Replication and redundancy have been key components of computing for a long time, since the heyday of the mainframe. Back then, if a mainframe lost power, everything stopped. Organizations addressed this risk by keeping generators and power supplies on hand to supply redundant electrical backups. If power from the main power grid failed, the generators took over. No electricity was lost.
Mainframes also store data exclusively on or within the machine. Thus, if the storage mechanism failed, data was lost. So companies backed up the data to tape and this was an early form of data replication.
When personal computers first appeared, they, too, used the same redundancy and replication techniques used for mainframes. A user had an uninterrupted power supply close by in case of power failure. Data was replicated to tape or floppy drive.
Things changed when networking PCs together made distributed computing possible. This was particularly telling in database technology. Companies networked a number of computers together. One computer hosted the database server. Other computers acted as file servers that stored the data the database used.
Eventually, database technology matured to the point where the database was smart enough to replicate data among a variety of machines. Database technology progressed even further. Multiple databases that had the same processing logic were placed behind a load balancer – a traffic cop, if you will. The load balancer routed incoming traffic among the various redundant database servers. This redundancy avoided overloading the system.

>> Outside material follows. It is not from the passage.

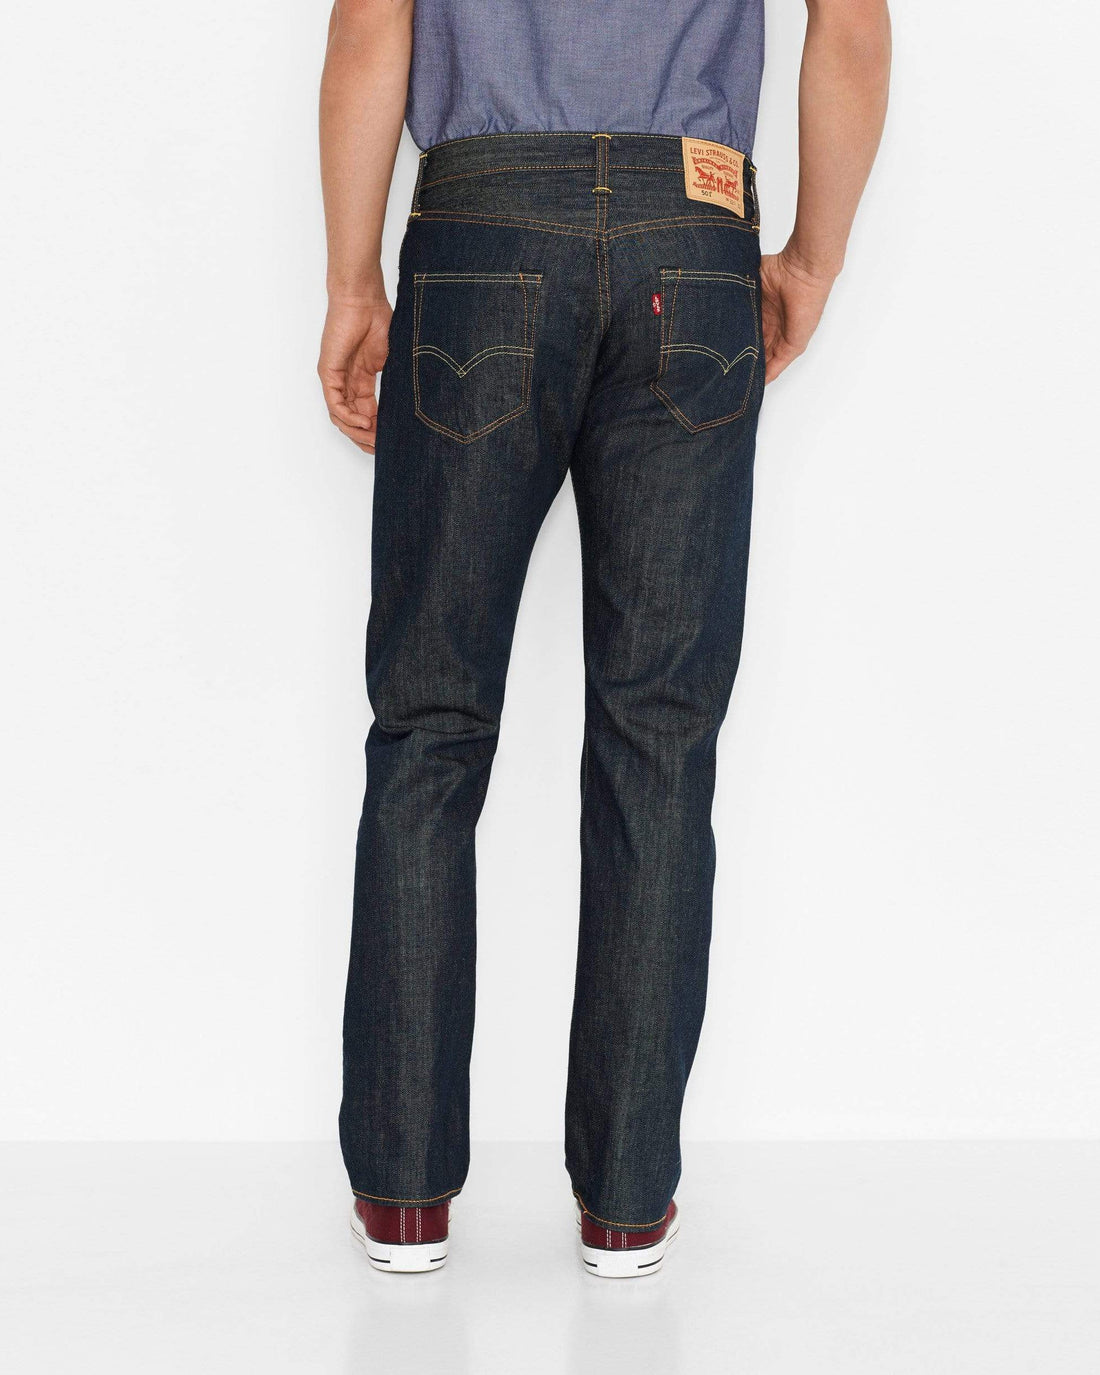 Levis 501 Original Regular Fit Mens Jeans - Marlon - Jeans and Street ...

Redundancy and replication have withstood the test of time. Both are used extensively today, most noticeably with applications that are hosted in a data center and accessed over the internet. Yet, as popular as replication and redundancy are, they are not without limits. These limitations become particularly apparent when working with edge computing and the Internet of Things.

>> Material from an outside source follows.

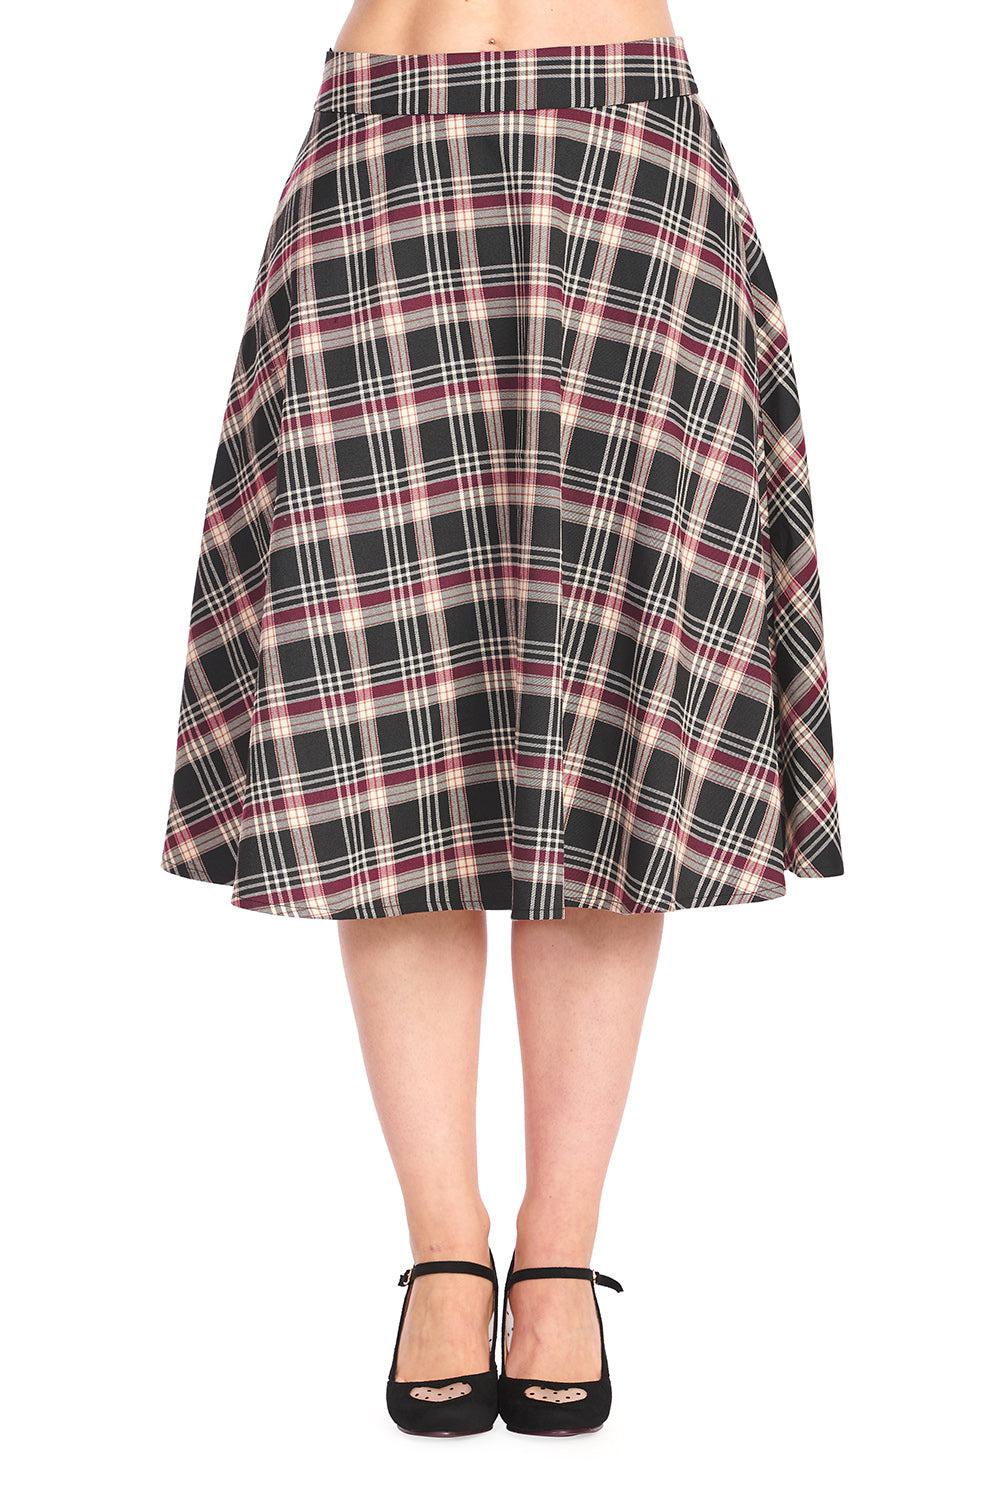 Winter Dreaming Swing Skirt-Banned-Dark Fashion Clothing

Distributed systems at the edge are not the same as distributed systems that are hosted within a data center. Edge computing is a new approach to machine distribution that requires new thinking. This difference requires those designing distributed applications for edge computing to reconceptualize replication and redundancy.
The purpose of this article is to examine new ways to think about replication and redundancy as it relates to distributed edge computing. The place to start is to understand the essential difference between the traditional approach to distributed computing, which focuses on the data center, and distributed computing on edge devices and the Internet of Things.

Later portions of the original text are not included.